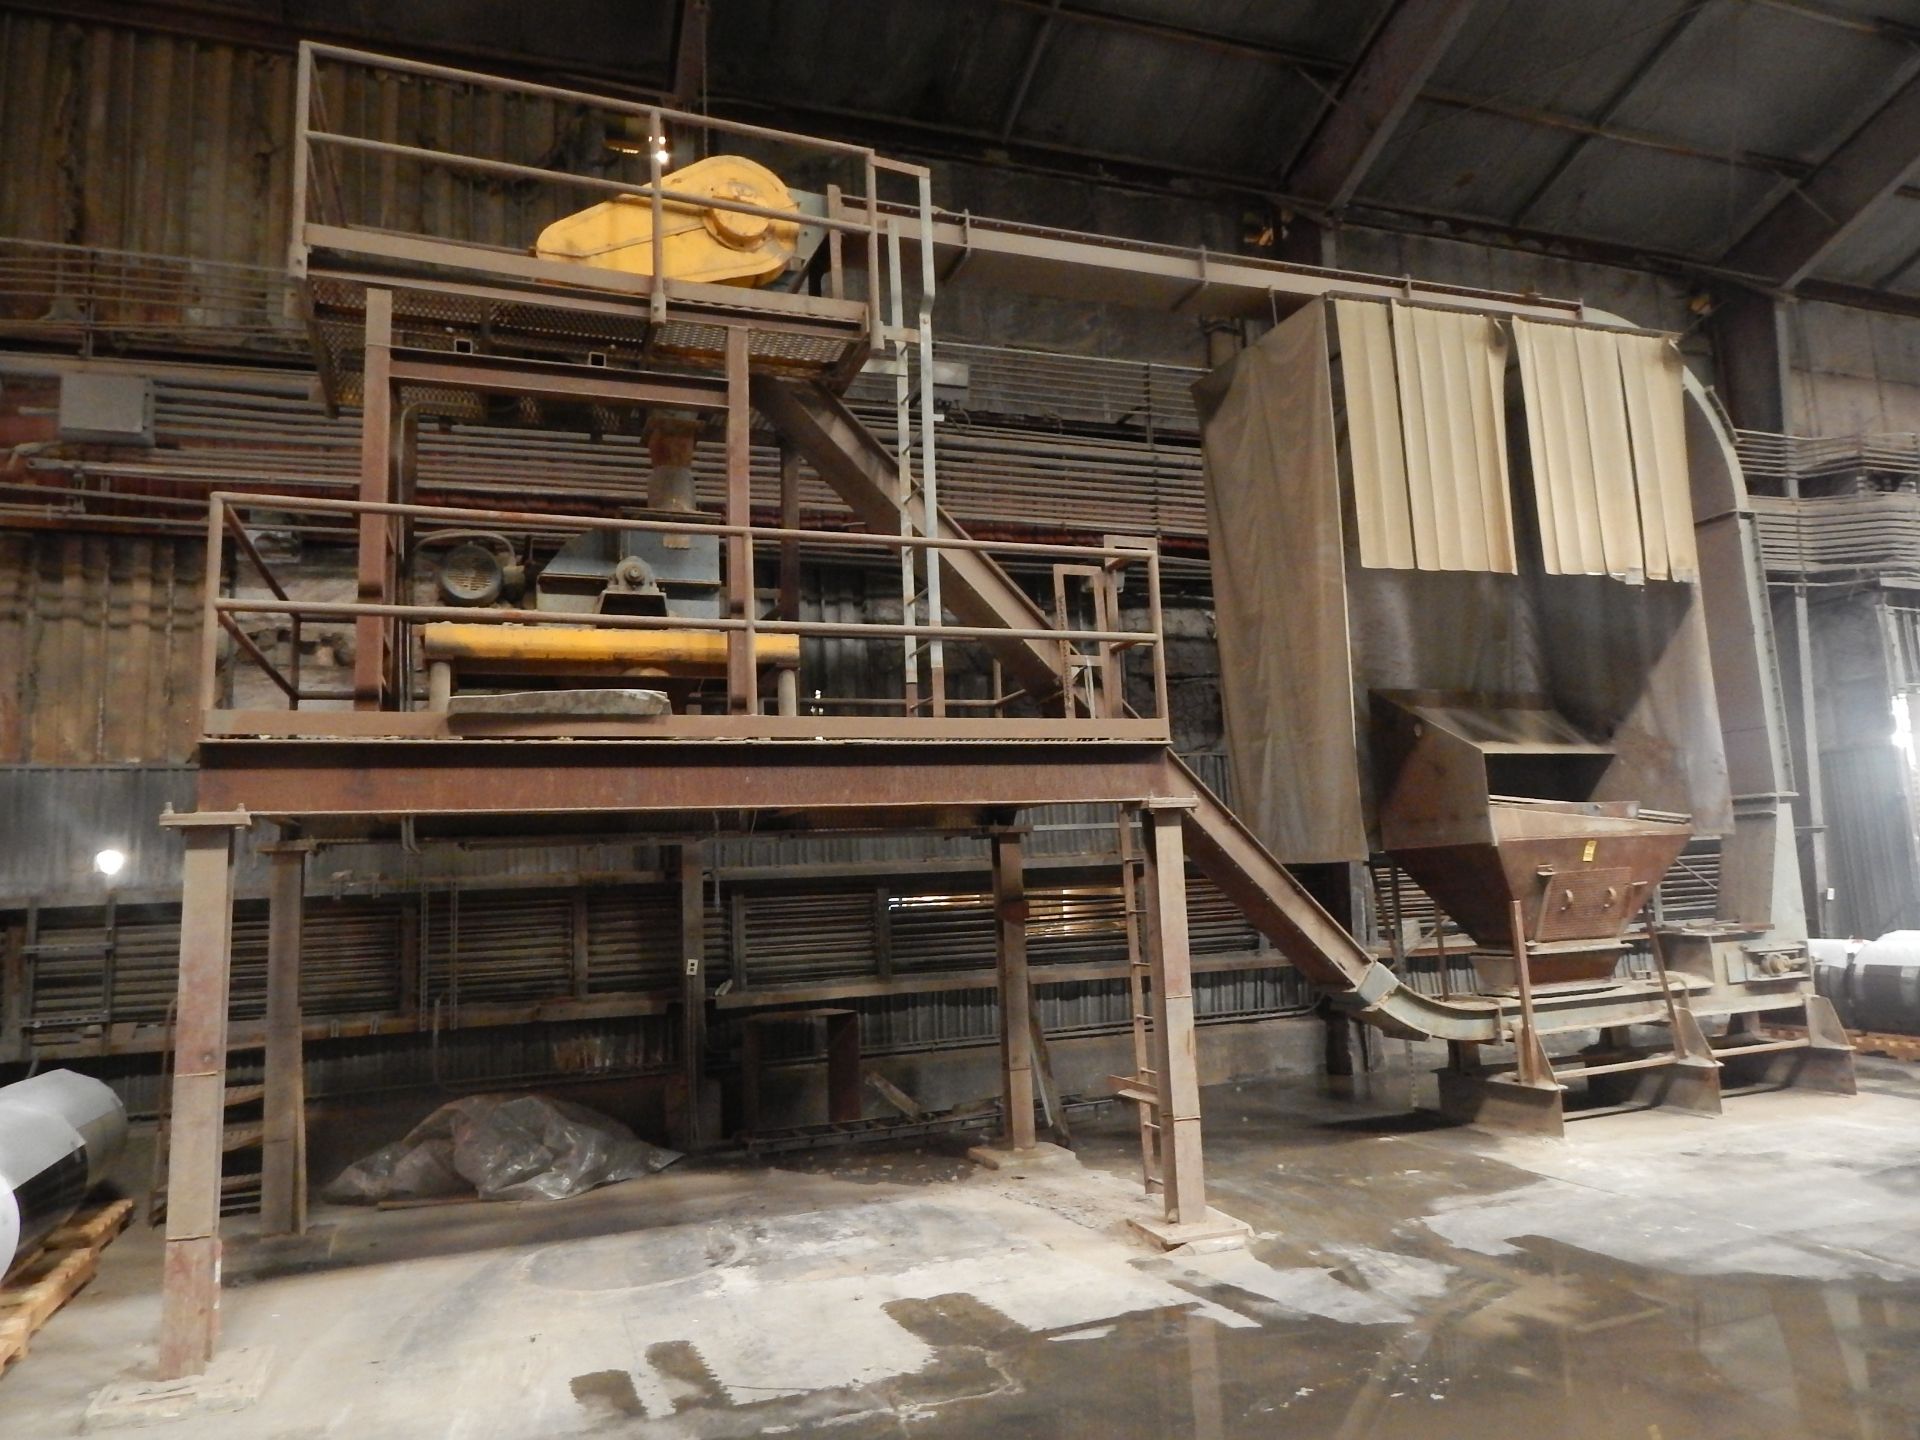 Zinc Crushing/Processing Line, with Gruendler Model #14 Hammer Mill and Stephens-Adamson Power - Image 2 of 14
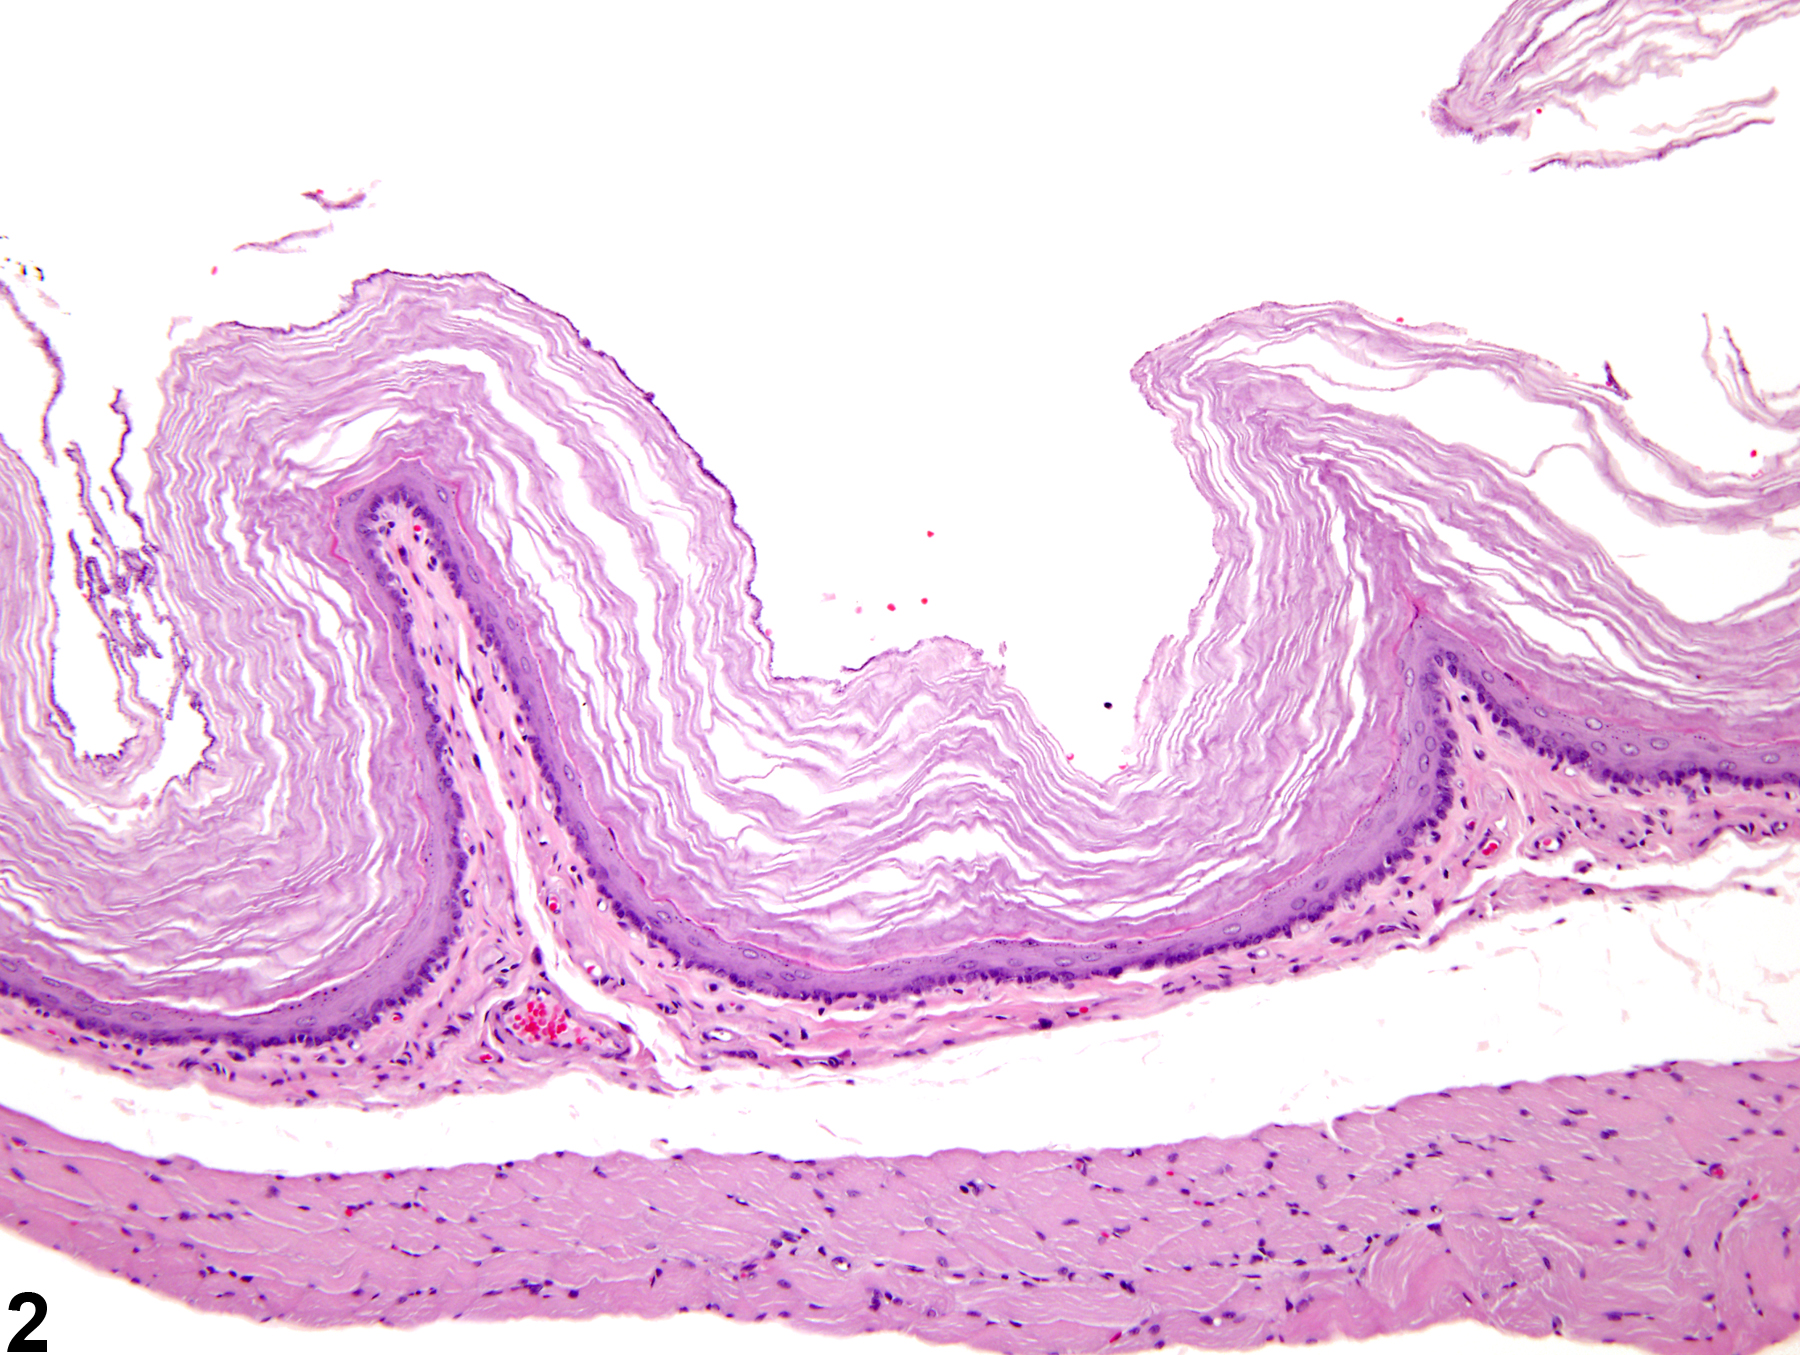 Image of hyperkeratosis in the esophagus from a female F344/N rat in a chronic study
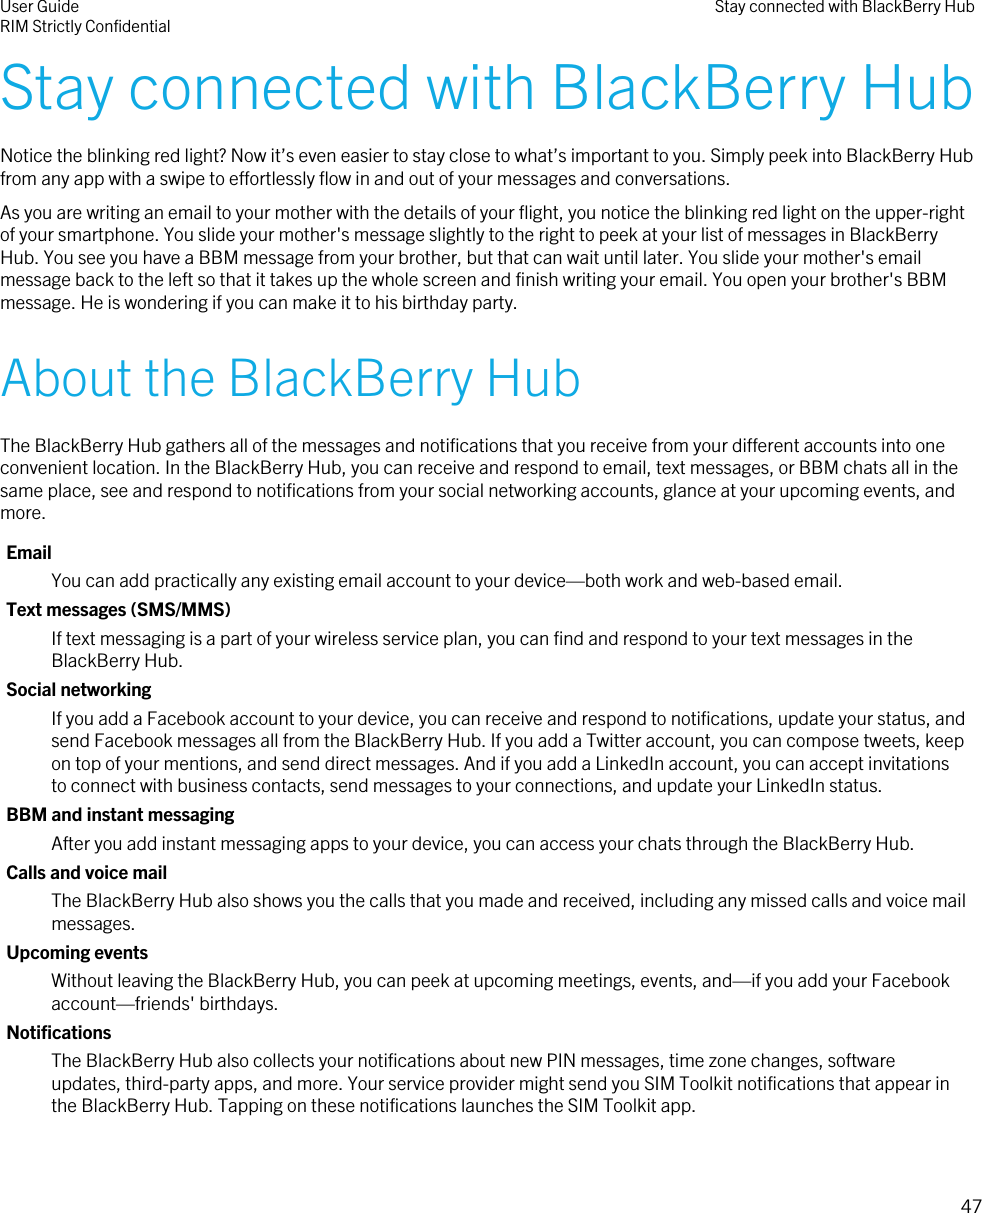 Stay connected with BlackBerry HubNotice the blinking red light? Now it’s even easier to stay close to what’s important to you. Simply peek into BlackBerry Hubfrom any app with a swipe to effortlessly flow in and out of your messages and conversations.As you are writing an email to your mother with the details of your flight, you notice the blinking red light on the upper-rightof your smartphone. You slide your mother&apos;s message slightly to the right to peek at your list of messages in BlackBerryHub. You see you have a BBM message from your brother, but that can wait until later. You slide your mother&apos;s emailmessage back to the left so that it takes up the whole screen and finish writing your email. You open your brother&apos;s BBMmessage. He is wondering if you can make it to his birthday party.About the BlackBerry HubThe BlackBerry Hub gathers all of the messages and notifications that you receive from your different accounts into oneconvenient location. In the BlackBerry Hub, you can receive and respond to email, text messages, or BBM chats all in thesame place, see and respond to notifications from your social networking accounts, glance at your upcoming events, andmore.EmailYou can add practically any existing email account to your device—both work and web-based email.Text messages (SMS/MMS)If text messaging is a part of your wireless service plan, you can find and respond to your text messages in theBlackBerry Hub.Social networkingIf you add a Facebook account to your device, you can receive and respond to notifications, update your status, andsend Facebook messages all from the BlackBerry Hub. If you add a Twitter account, you can compose tweets, keepon top of your mentions, and send direct messages. And if you add a LinkedIn account, you can accept invitationsto connect with business contacts, send messages to your connections, and update your LinkedIn status.BBM and instant messagingAfter you add instant messaging apps to your device, you can access your chats through the BlackBerry Hub.Calls and voice mailThe BlackBerry Hub also shows you the calls that you made and received, including any missed calls and voice mailmessages.Upcoming eventsWithout leaving the BlackBerry Hub, you can peek at upcoming meetings, events, and—if you add your Facebookaccount—friends&apos; birthdays.NotificationsThe BlackBerry Hub also collects your notifications about new PIN messages, time zone changes, softwareupdates, third-party apps, and more. Your service provider might send you SIM Toolkit notifications that appear inthe BlackBerry Hub. Tapping on these notifications launches the SIM Toolkit app.User GuideRIM Strictly Confidential Stay connected with BlackBerry Hub47

* The task
Exact copy, pictures excluded: repeat the lines from the top of the material through the line with "Image of hyperkeratosis".

* Answer section
 Zinc Crushing/Processing Line, with Gruendler Model #14 Hammer Mill and Stephens-Adamson Power - Image 2 of 14
 Image of hyperkeratosis in the esophagus from a female F344/N rat in a chronic study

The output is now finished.